Тот даже рассердился.
— Разумеется, нет! Сочинила что!.. Я всегда стою в передовых рядах, считаюсь либералом — и не напрасно: вся моя деятельность направлена к раскрепощению умов, связанных предрассудками. Думаешь, — как курсистка, — что лучше тебя никого уже и не найдешь? Самомнение!.. Ну, на первый раз, так и быть, прощаю… помиримся…
‘Такие либералы часто бывают дома деспотами’, — внезапно подумали об одном и том же и тетка, и племянница и, переглянувшись, чутьем поняли это и усмехнулись.
Судья закурил папиросу, уютно уселся, ловко пуская дымные кольца и поджав под себя правую ногу, и молчал.
— А все-таки скучно без газет, без электричества, без правосудия, без железных дорог, без магазинов, без цивилизация, — с горечью вырвалось у него, и, прислонив голову к спинке дивана, он уставился глазами в потолок со светящимся кружком от лампы, словно искал в нем разгадки сомненьям. — Скорей бы это все кончилось! — раздраженно прибавил он после нового перерыва, но так как опять никто не подавал желаемой реплики, Борис Вячеславович вскочил с дивана и, недовольно подергивая усы, сказал уже сердитым, сухим, как будто обиженным голосом: — Забастовка — обоюдоострое орудие. Поиграли и — довольно. Ты не ходила ли с другими и с работ не снимала ли разных приказчиков, коночных кондукторов и так далее?
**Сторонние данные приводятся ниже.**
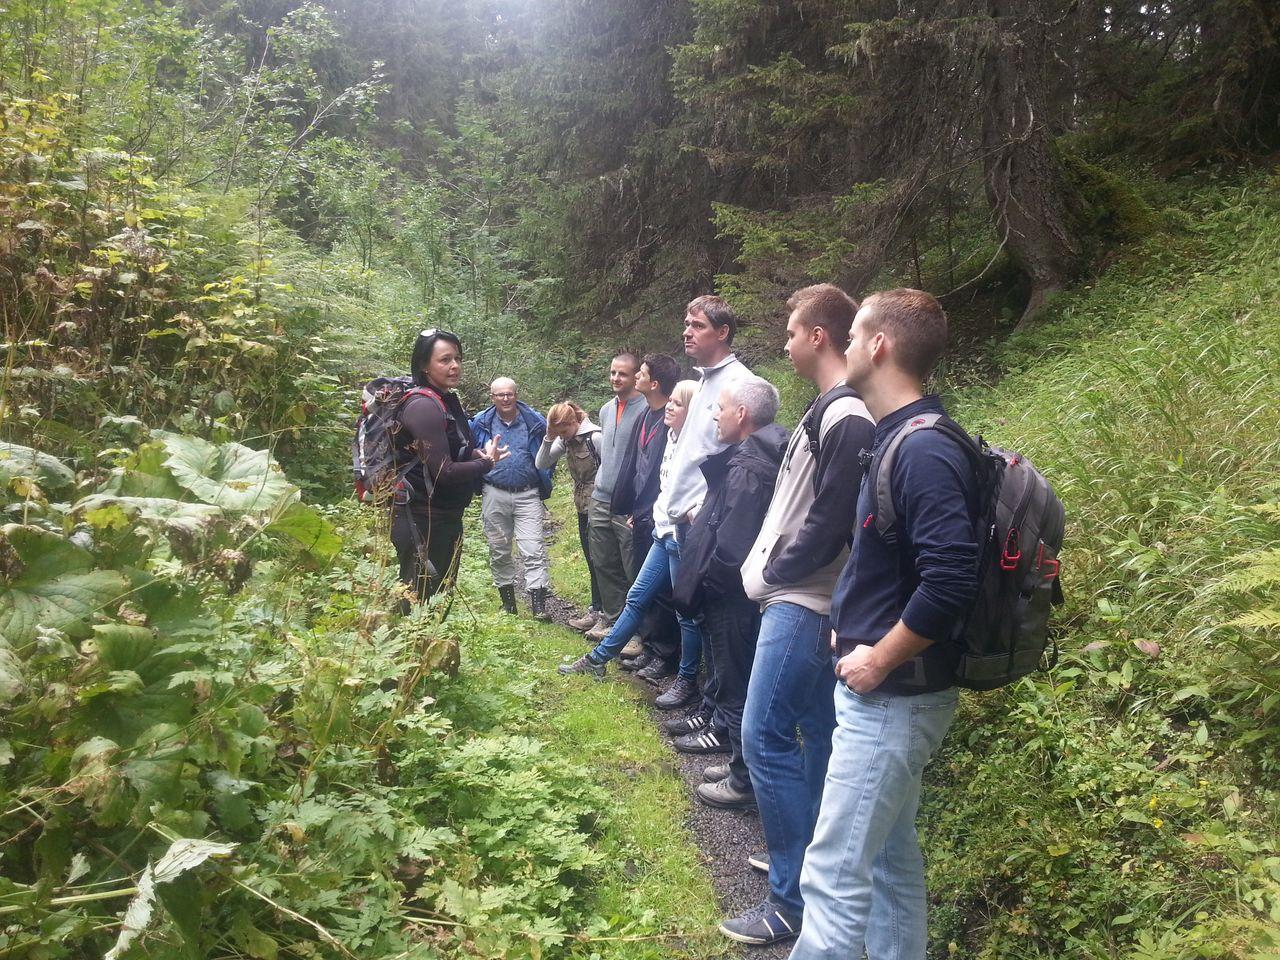 Sommer-Ferienprogramm, Bödmeren-Urwaldexkursion

Мы, судьи, сами забастовали… Это совсем иное… а по принуждению — бр!.. Мне бы не хотелось, чтобы моя племянница… — начал он и запнулся.
— Снимала, — совершенно просто подтвердила Галя и, видимо, собиралась рассердиться на его выговор, но дядя уже вновь принял беззаботно-шутливый вид и посмеивался, как обыкновенно смеются люди, довольные жизнью, собственным остроумием, вкусным обедом или ужином, которые иногда не прочь в часы досуга и пококетничать свободомыслием в пределах, однако, строго определенной грани.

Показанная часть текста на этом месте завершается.